Oryginalny tytuł „Sound of Falling” można przetłumaczyć jako „Patrzenie w słońce”. Co chyba lepiej oddaje wieloznaczną symbolikę tego dzieła, mierzącego się też z narodową dumą i upokorzeniem wynikającym z niemieckiej historii. Film bazuje na wyostrzonej wrażliwości. Składa się z odczuć, chwilowych przebłysków, rodzących się emocji, wprowadzających w trans dźwięków, które stopniowo przeobrażają się w większą panoramę przedstawiającą świat, w którym młode kobiety stawiają czoła gwałtom, śmierci bliskich, przymusowej sterylizacji, kazirodztwu oraz pewnej formie niewolnictwa i prostytucji na wsi. Mimo to – podsumowuje „The Hollywood Reporter” – ostatecznie stają się one arbiterkami własnego losu.

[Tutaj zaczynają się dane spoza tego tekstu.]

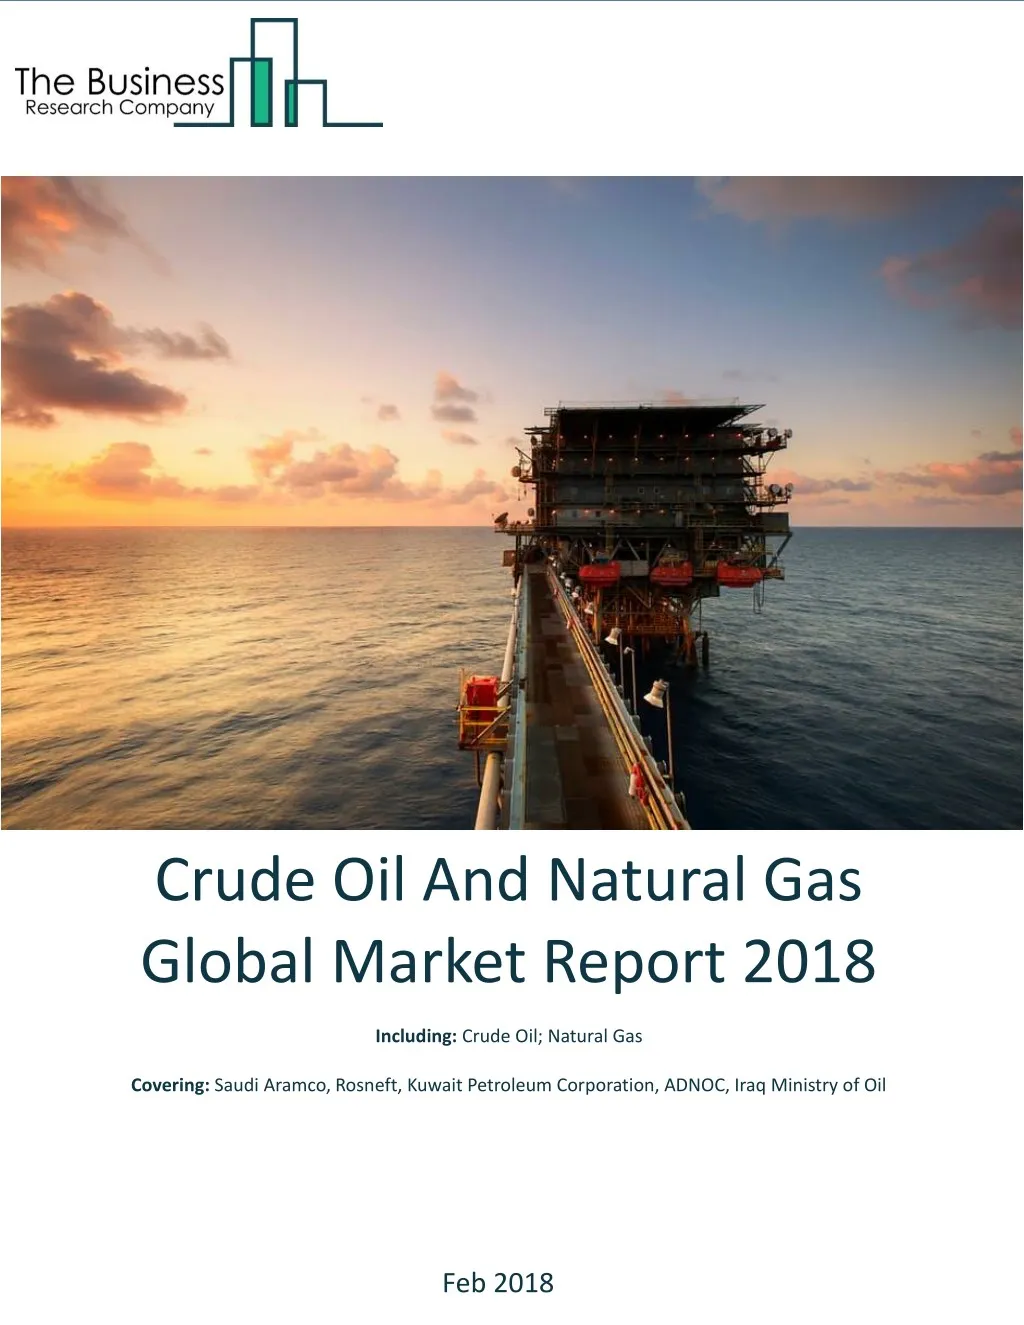 crude oil and natural gas global market report

Przytłaczający swoim ciężarem kosmos, ukazywany jako pełna przemocy codzienność, staje się jaśniejszy dopiero wtedy, gdy docieramy do bliższych nam czasów. Film czerpie dynamikę z poetyckich wizji, fantazji lub dziecięcych lęków, co skutkuje olśniewającymi, a niekiedy trudnymi do wytrzymania scenami – np. małej dziewczynki wyobrażającej sobie swoją próbę samobójczą w nadziei, iż matka w końcu zwróci na nią choć odrobinę uwagi.

Czytaj też: Zanim będzie za późno. Znamy zwycięzców Millennium Docs Against Gravity

Będzie Złota Palma?

Mascha Schilinski filmuje to wszystko z wyjątkową uważnością. Potrafi m.in. oddawać skomplikowane stany umysłu dziecka, eksplorując jego skłonności do manipulacji i brak niewinności. W filmie wyczuwa się lepką atmosferę rodzącego się pożądania, w niektórych dziewczynkach pojawia się erotyzm doskonale opisany w „Lolicie”, ale reżyserka natychmiast nakłada na to gorzki obraz traum, karcącą postawę matek, bezlitosne wykorzystywanie przez mężczyzn.

Jeśli się okaże, jak przewiduje wielu dziennikarzy, iż nic ciekawszego już w tym roku w Cannes nie obejrzymy, „Sound of Falling” czeka triumf. Osobiście w Złotą Palmę dla tego filmu nie wierzę. choćby dla wyrobionego widza jest to zbyt wymagająca propozycja, wybitne, ale przeładowane znaczeniami, hermetyczne dzieło, któremu trzeba się wielokrotnie przyglądać. Niewątpliwie będzie jednak o nim głośno.